En gros, pour créer ce parc urbain, il a fallu remodeler les déchets, faire des tranchées de captage du biogaz, poser un dispositif d’étanchéité, des couches minérales et enfin la végétalisation. Bien évidemment, il a fallu aussi créer des voies d’accès et un local technique pour l’entretien du parc. 
Mais, la réhabilitation de la décharge ne s’arrête pas là.  Sur la zone A, après les travaux préalables (remodelage du massif, pose du dispositif d’étanchéité, les couches minérales et la couche végétalisable), les travaux de confinement ont consisté à la création de 80 puits de captage de biogaz et mixte, du bassin lixiviat, des réseaux de connexion des têtes de puits et la voie technique. Tout ce travail a permis la végétalisation de la zone, la création d’une passerelle métallique surélevée pour randonnée de 700m, la pose des agrès de sport et l’aménagement d’une piste de jogging.

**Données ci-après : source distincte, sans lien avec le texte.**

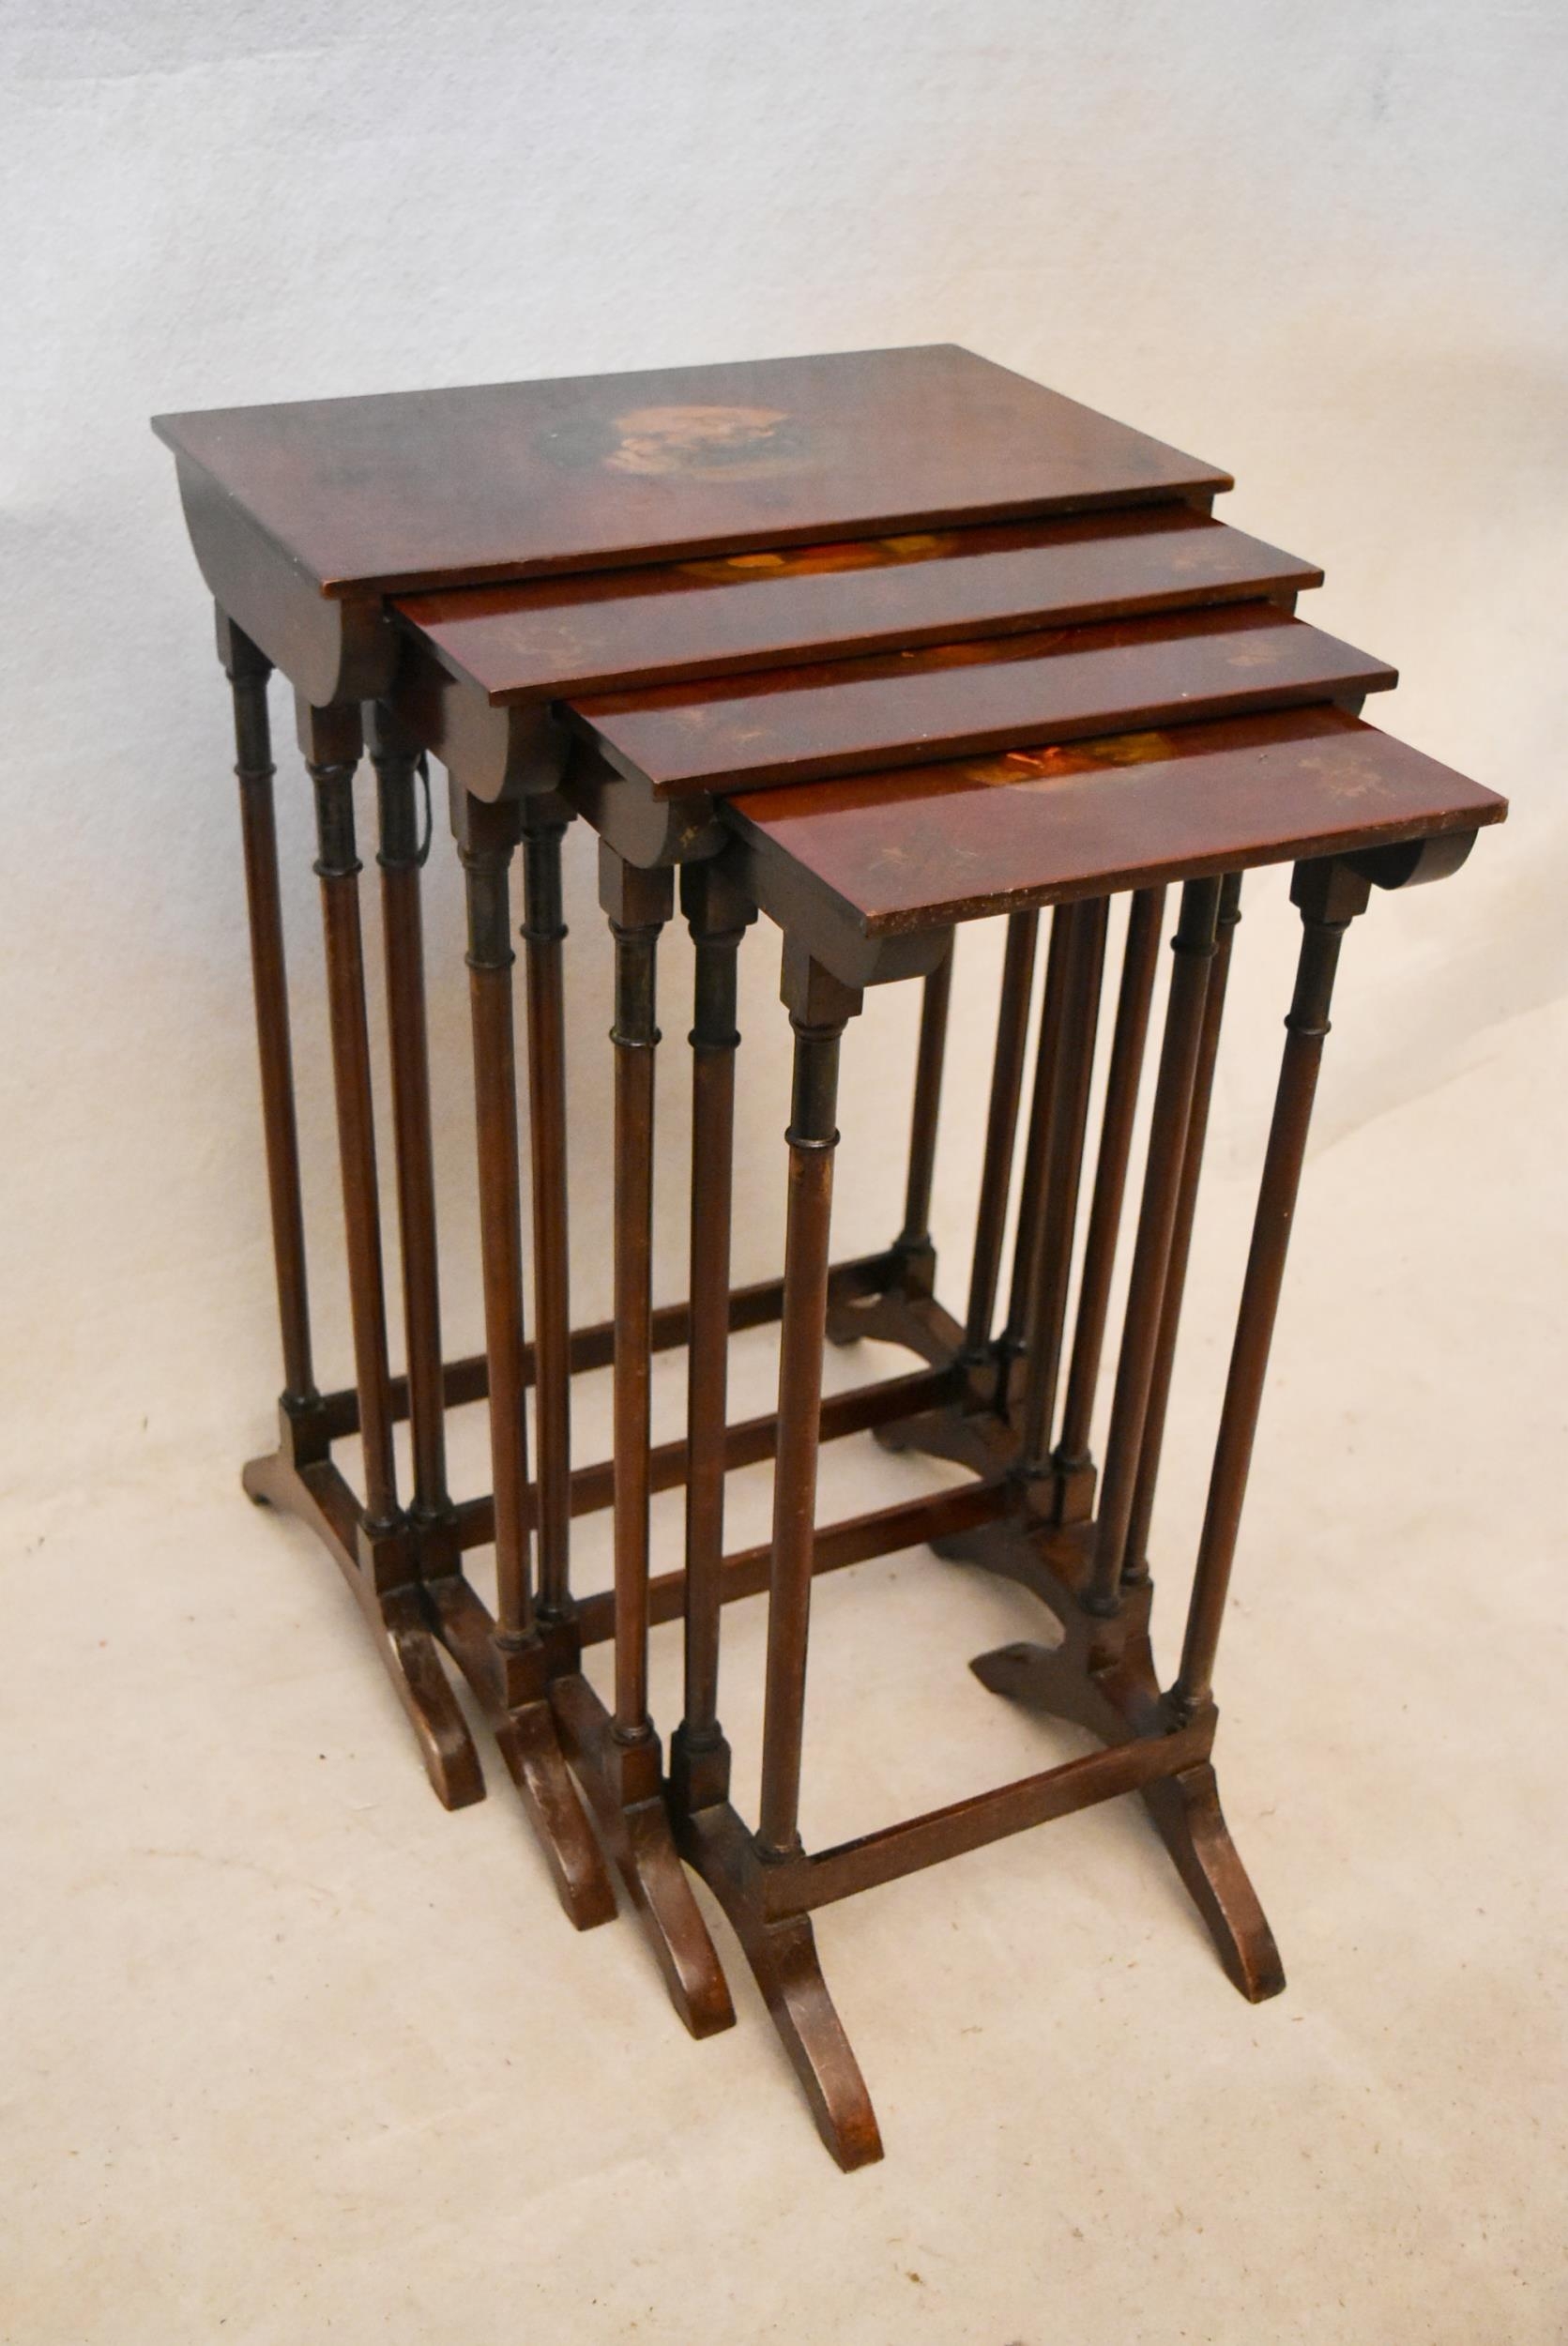 A quartetto nest of Regency style mahogany tables, each with rectangular tops hand painted with a - Image 2 of 5

Sur la zone B (26,67 ha), qui est un site de dépôt récent, outre la reprise des travaux effectués sur la zone A, sur cette zone a vu le jour l’usine de cogénération. Le lixiviat et le biogaz captés convergent vers cette usine pour être traités. « Le biogaz est transformé en électricité et le lixiviat nous donne une eau non polluée qu’on rejette dans la lagune », commente M. Yocolly.   Cette eau est rejetée dans la lagune car malgré son traitement, elle a toujours un taux de salinité encore élevé pour être utilisée dans la culture maraichère. L’objectif, ajoute-il, est de faire faire en sorte que l’électricité produit par le biogaz puisse alimenter le parc.
La zone C qui se trouve être la dernière partie du site est la plus récente. Elle a une surface de 24,38 ha. Les travaux sur cette zone concernent essentiellement le remodelage du massif, la création de 78 puits captage de biogaz et mixte, l’ouverture de connexion des têtes de puits, la pose du dispositif étanchéité, les couches minérales, la couche végétalisation, l’enherbement et les voies d’accès. A notre passage, les travaux sur ce dernier site étaient à la phase d’enherbement. 
Selon le cahier de charges, le projet de réhabilitation prend fin le 30 décembre 2024 et le parc urbain sera remis au gouvernement via le ministère de l’Hydraulique, de l’Assainissement et de la Salubrité. Si tout se passe comme prévu, dans quatre mois le district d’Abidjan aura un nouveau parc urbain. L’histoire retiendra aussi que ce parc repose sur des tonnes de déchets enfouis dans le sol.


Dao Maïmouna

Œillères 

Un projet modèle
La transformation de la décharge d’Akouedo en parc urbain est devenue aujourd’hui un modèle en Afrique. Plusieurs pays de la sous-région sont venus s’en inspirer. De même que la Banque mondiale dont une délégation de 75 membres a visité le site lors de la journée de l’environnement. Tous étaient émerveillés et surpris qu’un tel projet soit réalisé en Côte d’Ivoire. 

Une reproduction des différentes végétations 
D’une zone à une autre, l’entreprise chargée de la réalisation du projet a reproduit différentes végétations de la Côte d’Ivoire. Notamment la forêt et la savane arborée et herbeuse.